Как ответить на такой вопрос?.. За что могут убить хорошего человека?..
— Ты спрашиваешь, почему убили? — Ну да, почему, за что?..
— Убили потому, что он был настоящий революционер. Он был ненавистен нашим врагам. Они его и убили. Чтобы ослабить нашу партию, нашу страну.
— А почему не уберегли?
Петр не сумел быстро отыскать ответ.
— Правильно, значит, говорил этот корявенький, что бдительности не хватает?..
Петр вспомнил, что у особиста на левой щеке проступал не то след плохо заросших оспин, не то какой-то жеваный шрам; он вот не обратил внимания, а Кобчиков засек. — Выходит, правильно.
— И все равно непонятно. Про эту самую бдительность не первый раз говорено, стало быть, всем известно. А такого человека не уберегли...
Нет, такой вопрос ему, Петру, не по зубам. Тут думать да думать надо, да и придумается ли что?.. А пока только и нашелся сказать:
— Кто виноват, те ответят.
— А толку что? — резонно возразил Кобчиков.—Дурак проспал, теперь стреляй его. А умного-то еще вечор убили... А может, не дурак, а один предатель другого допустил. А?.. Тогда как?..
Не один Кобчиков, не один Петр мучились подобными вопросами. Как ни тяжело, как ни больно, а никуда не денешься: затаились меж них волки в овечьей шкуре...
Дивизионные соревнования младших командиров проводились на манежах Н-ского кавалерийского полка.

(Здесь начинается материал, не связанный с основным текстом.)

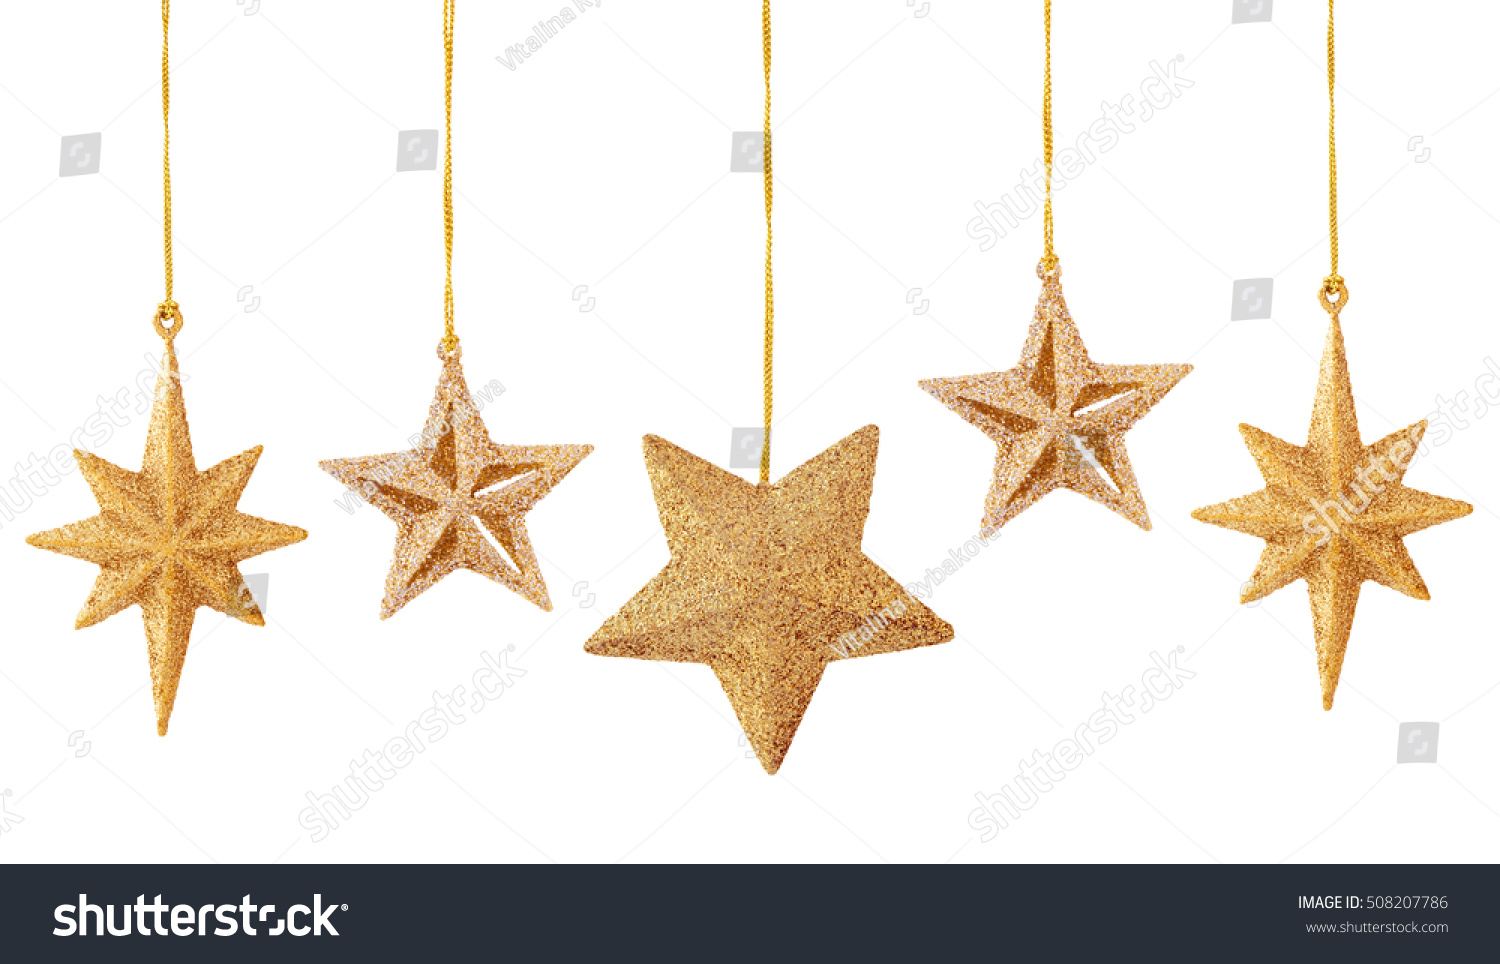 Set of gold stars isolated on white background. #508207786

К установленному сроку все были в сборе.
Высокий щеголеватый командир в голубой шинели со шпалой на петлицах построил участников в одну шеренгу. Как всегда, изрядное время ушло на выравнивание шеренги. Петр еще раз имел случай похвалить себя за то, что не разлучился с Выдрой. Ее не надо было осаживать или посылать вперед. Она, кинув быстрый взгляд направо-налево, сама безупречно держала равнение в строю.
Не у всех так получалось. У какого-то бедняги помком-взвода, находившегося неподалеку, справа от Петра, лошадь, видимо, молодая и горячая, все время вырывалась вперед, ломая строй. Кончилось это тем, что щеголеватый командир после нескольких строгих замечаний приказал незадачливому помкомвзвода выехать из строя, сделал ему крутое внушение и снял с соревнований.

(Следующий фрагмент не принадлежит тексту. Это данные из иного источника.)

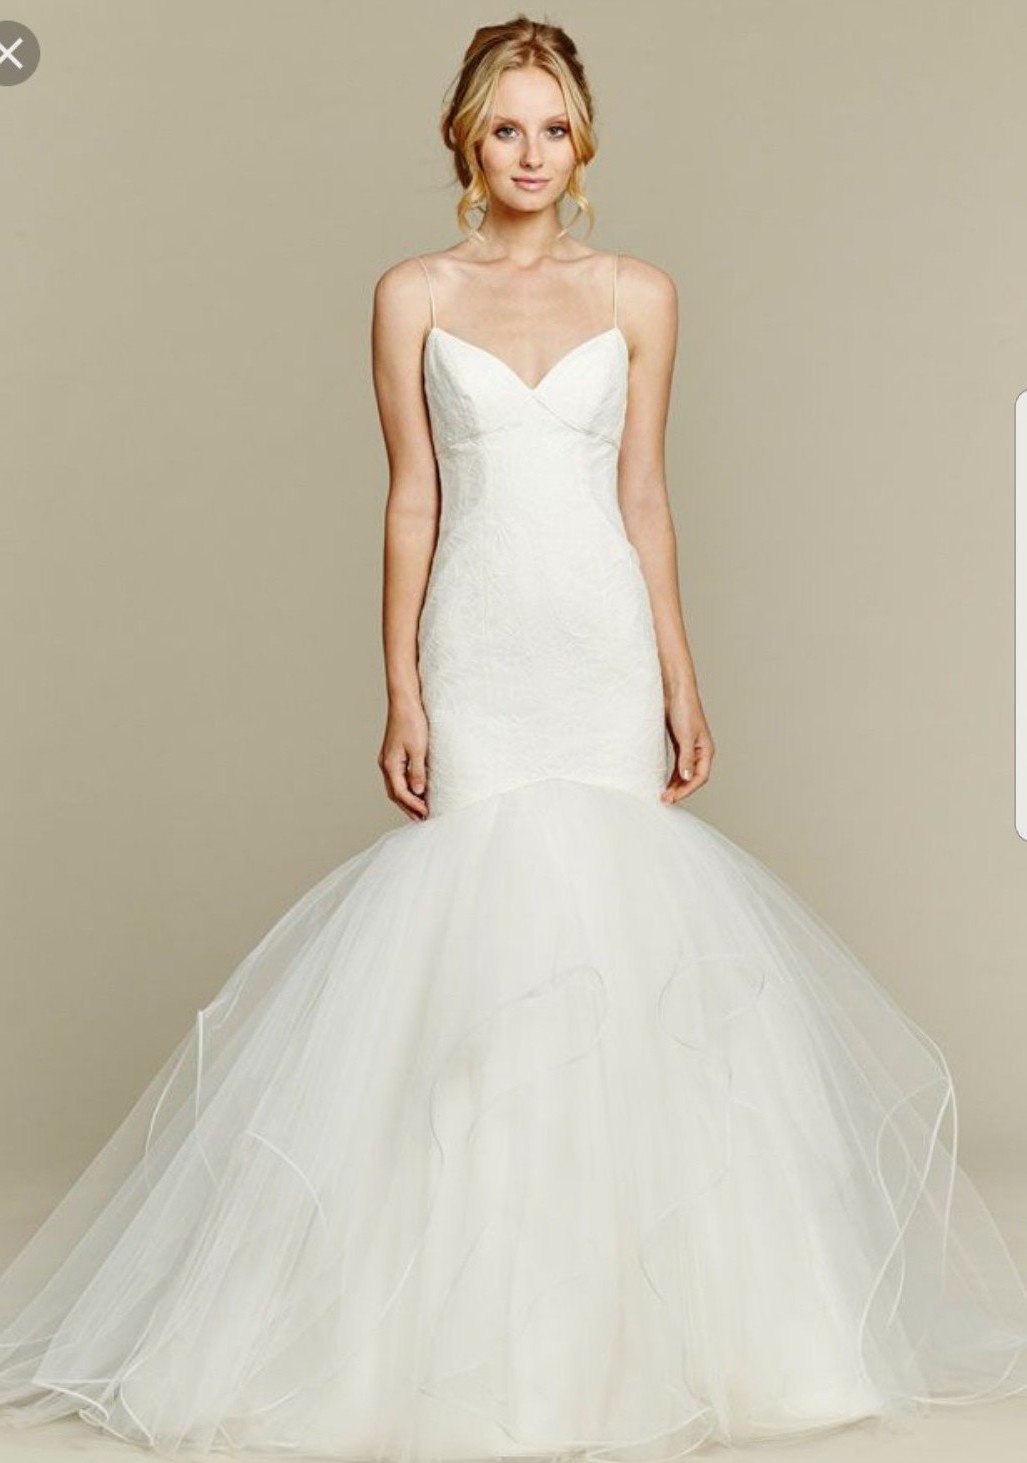  Hayley  Paige  Blush  Sample Wedding  Dress  on Sale 61 Off

Соревнования младших командиров начинались с преодоления препятствий. Что это за препятствия, участники соревнований не знали. Учитывая зимнее время, самого опасного препятствия — рва с водой — в их программе не было. Самым
сложным и трудным оставался деревянный ларь со скошенной передней стенкой — сооружение примерно метровой высоты, в просторечии именуемое «гроб».
Препятствие это было самым последним на кольцевой дистанции и находилось совсем неподалеку от стартовой площадки, его хорошо было видно всем выстроившимся там участникам соревнований.

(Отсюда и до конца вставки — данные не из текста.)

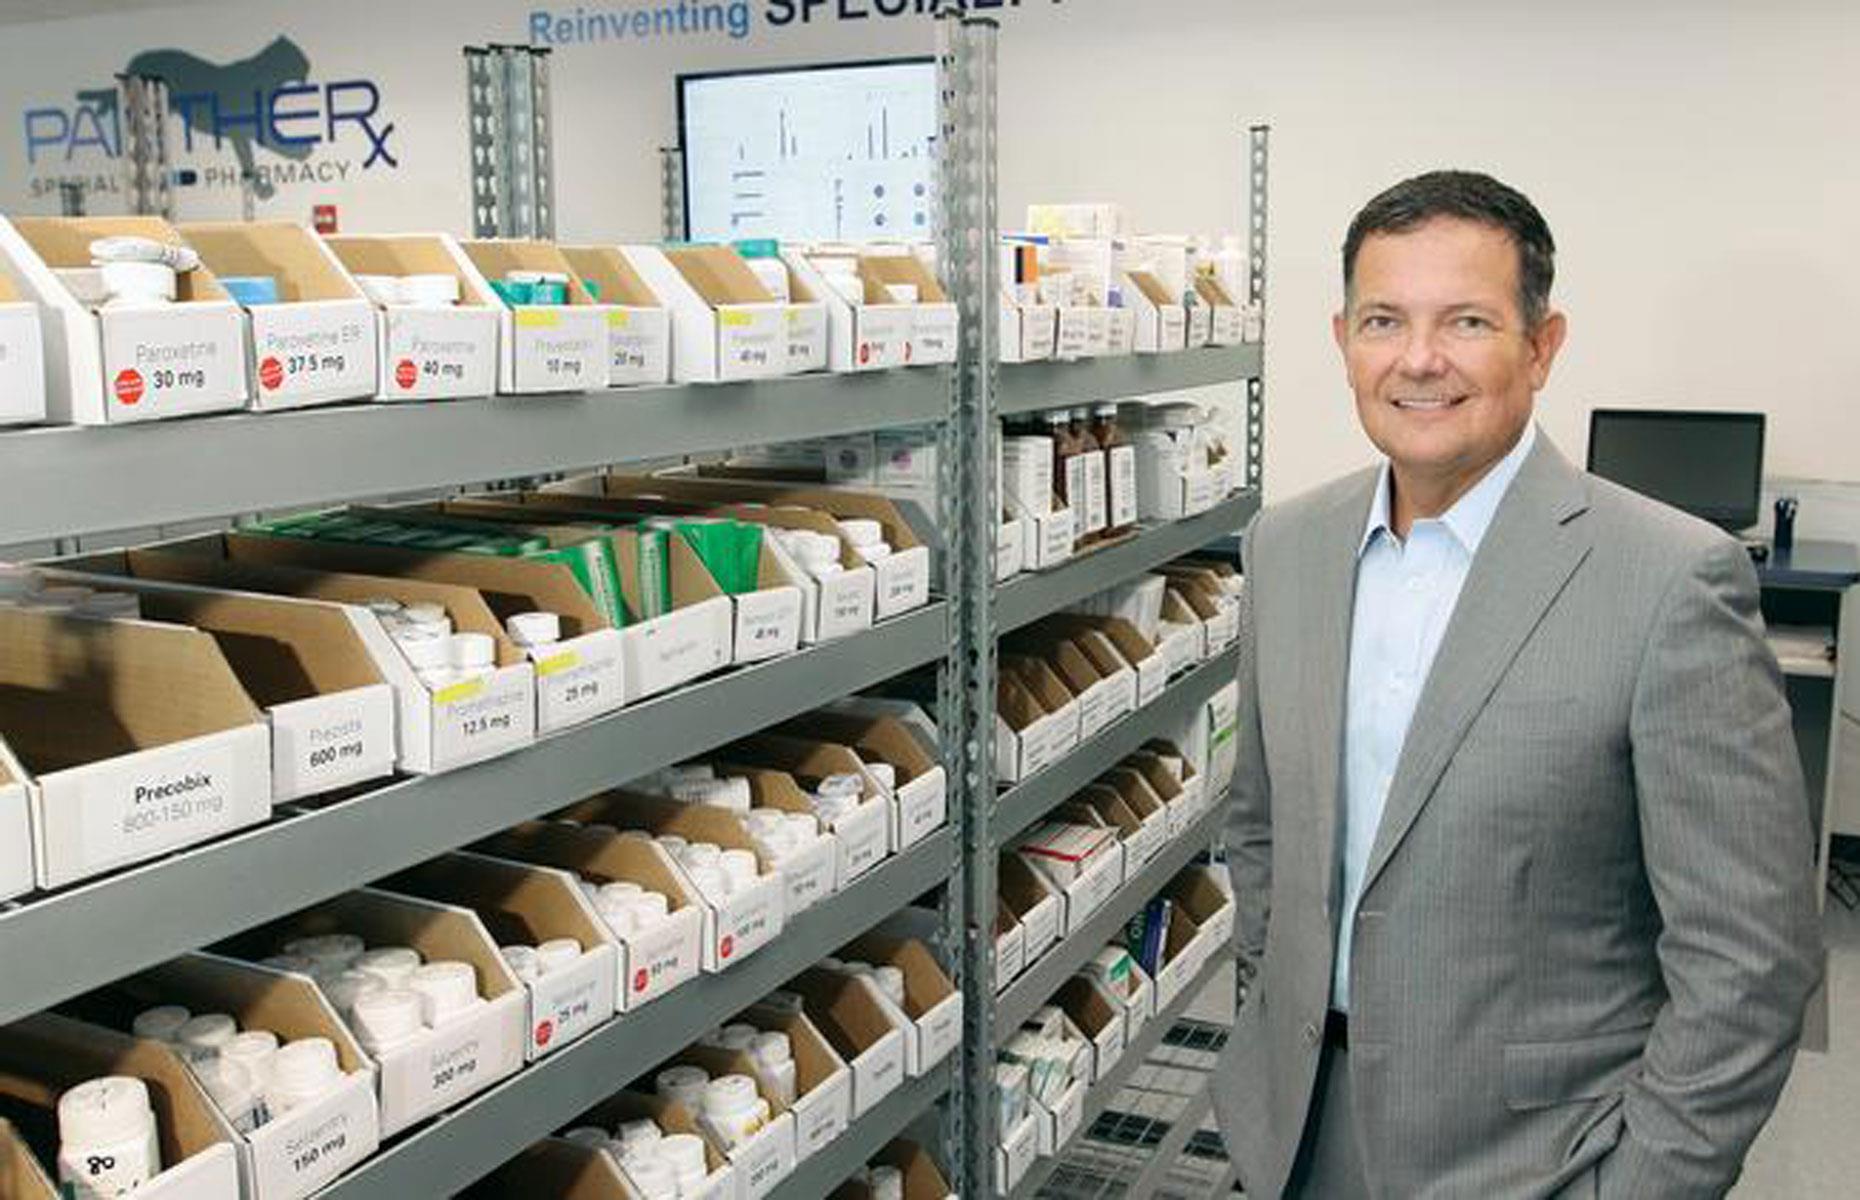 Pennsylvania: PANTHERx Specialty Pharmacy, 5,436%

Петру по жребию достался номер в самом начале второго десятка. Ожидая своей очереди, он провожал взглядом каждого уходившего на дистанцию и встречал каждого выехавшего из-за поворота. Массивный ларь, окрашенный в грязно-белый цвет, был от него в каких-нибудь ста метрах, и ему хорошо было видно, как напрягались и лошадь и всадник, преодолевая это громоздкое сооружение.
Ушел на дистанцию последний перед ним, худощавый помкомвзвода с лицом ангелочка: синеглазый и белозубый. Следующая очередь его. Петр проводил синеглазого взглядом через два первых препятствия: забор из горизонтальных жердей и довольно высокий хердель. Затем всадник скрылся за небольшой купой деревьев, потом, малое время спустя, вынесся из-за поворота и устремился на «гроб»...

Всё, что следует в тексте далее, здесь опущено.